A few times, Logan paused to write something down in a little leather-bound book. Virgil had no clue what, since the man hadn’t properly collected a single ingredient from him yet, let alone enough to require keeping written stock.
Finally, he closed the book with a decisive snap and began packing all the tools back into the kit, leaving Virgil sitting there, still all in one piece, the way shifters never were after harvesting sessions.
He didn’t get it. They definitely knew what he was, which meant they also had to know what he was worth.
Some amateur hunters were more ignorant about magical theory and the ingredients it typically entailed, but these three had known enough to locate ley lines and leave satisfactory offerings. Between the sword at Roman’s hip and the books along Logan’s shelves, there was absolutely no way they were unaware of the properties of shifters, of the natural magic that lingered in their flesh and blood and fur.
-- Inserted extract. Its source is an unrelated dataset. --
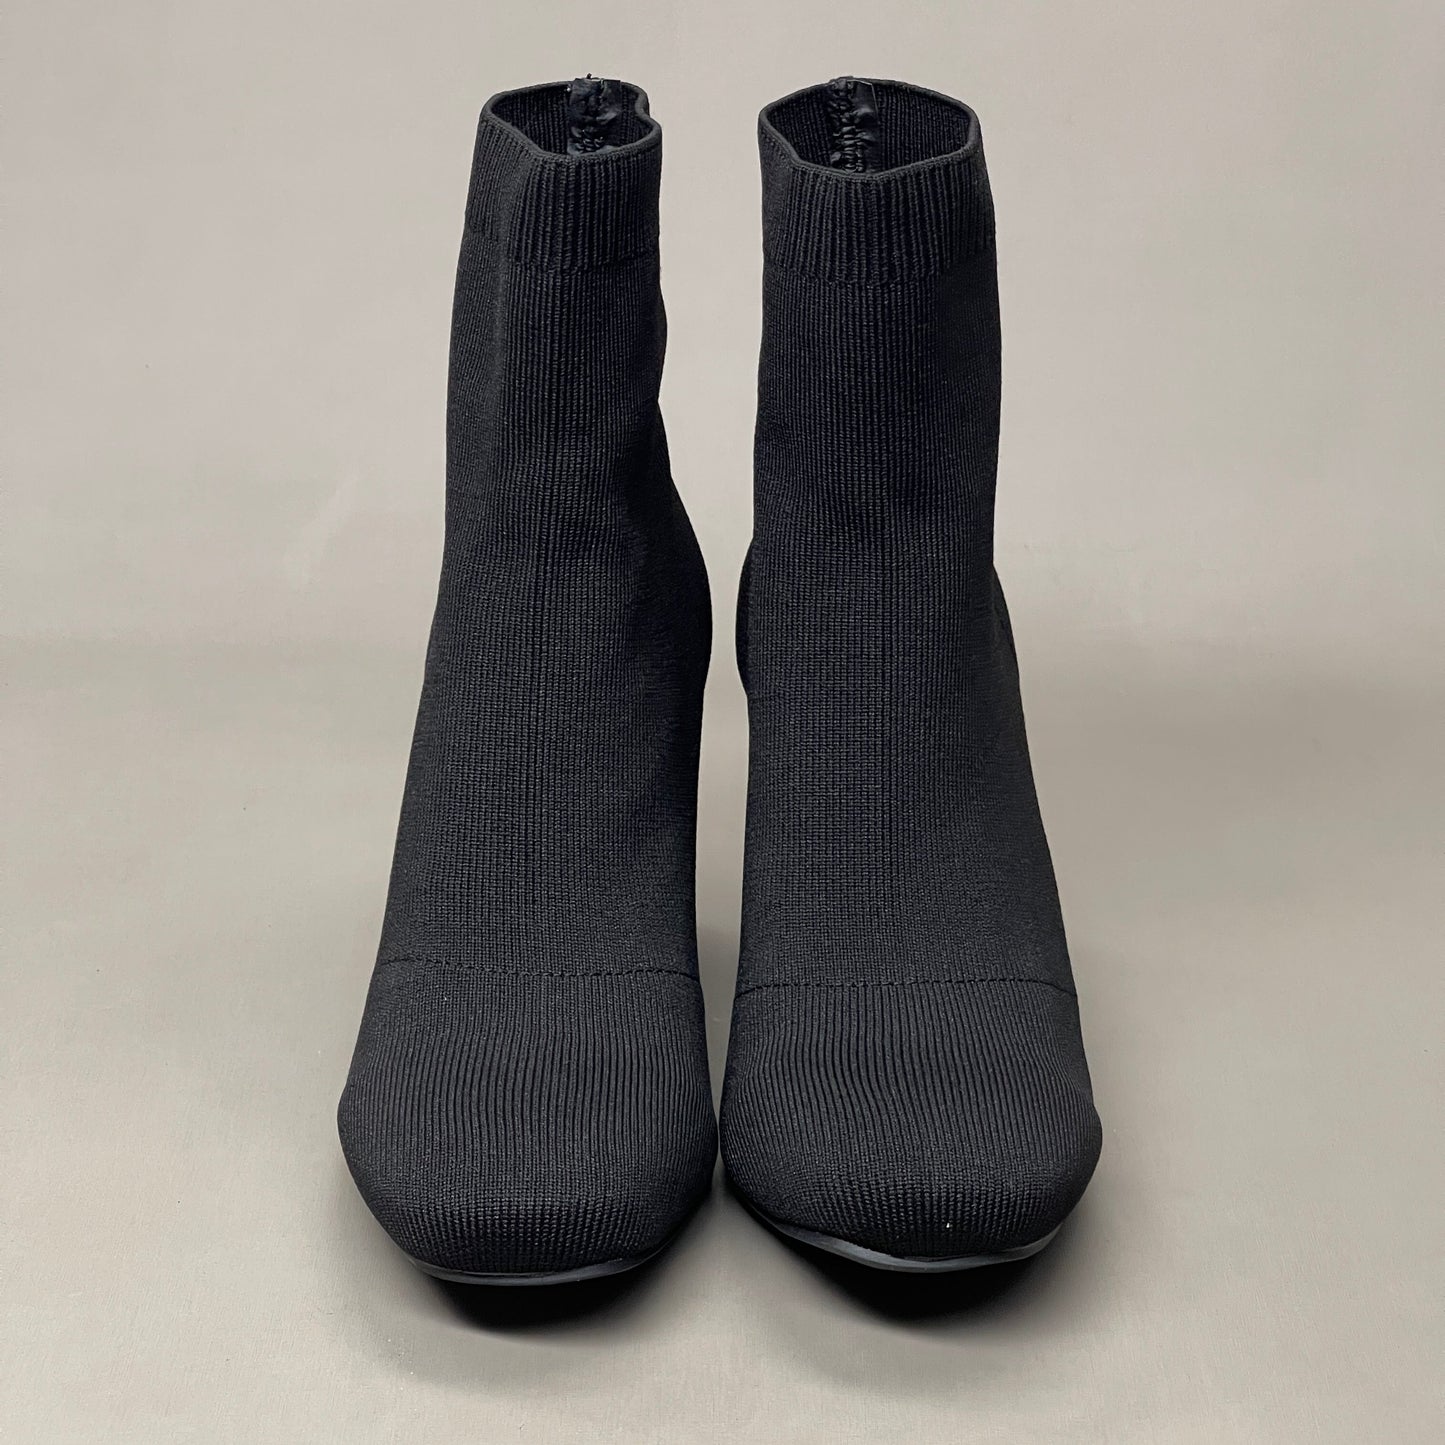 MIA Erika Fly Knit Booties Dress Boots Black 2” Heel Sz 4.5 GS7553115Y (New)

So they definitely knew. And there was no reason to stall in harvesting from him. It was smarter to start the cycle of removal and regrowth as early as possible, to squeeze the maximum amount of profit out of him before the final harvest.
Except… These humans weren’t a band of nomadic hunters with constant access to bustling markets and customers to barter with, were they? Whatever they harvested would likely be for them, and them alone. There was no point in collecting an excess of mediocre materials when they could simply wait until the full moon, where his innate magic would be at its fullest, and then get everything at once.
The thought made some knot in his stomach loosen slightly. If it was true, if he really wasn’t going to spend the next few weeks enduring a constant, repetitive torture, it would make it a lot easier to try and escape.
And even if he failed, it would only be one night, and then it would be over and done with. He wouldn’t be stuck in the same unending hell as before. That in itself was enough to take some of that unbearable pressure off his shoulders.
Logan was saying something else now, but the last of Virgil’s willpower had burnt out, and any desire to stay awake had fled along with it. Whatever they’d drugged him with was still thick in his system, enough to make his limbs feel dull and slow and his eyelids heavy.
His blinks grew longer and longer, and then he was out again.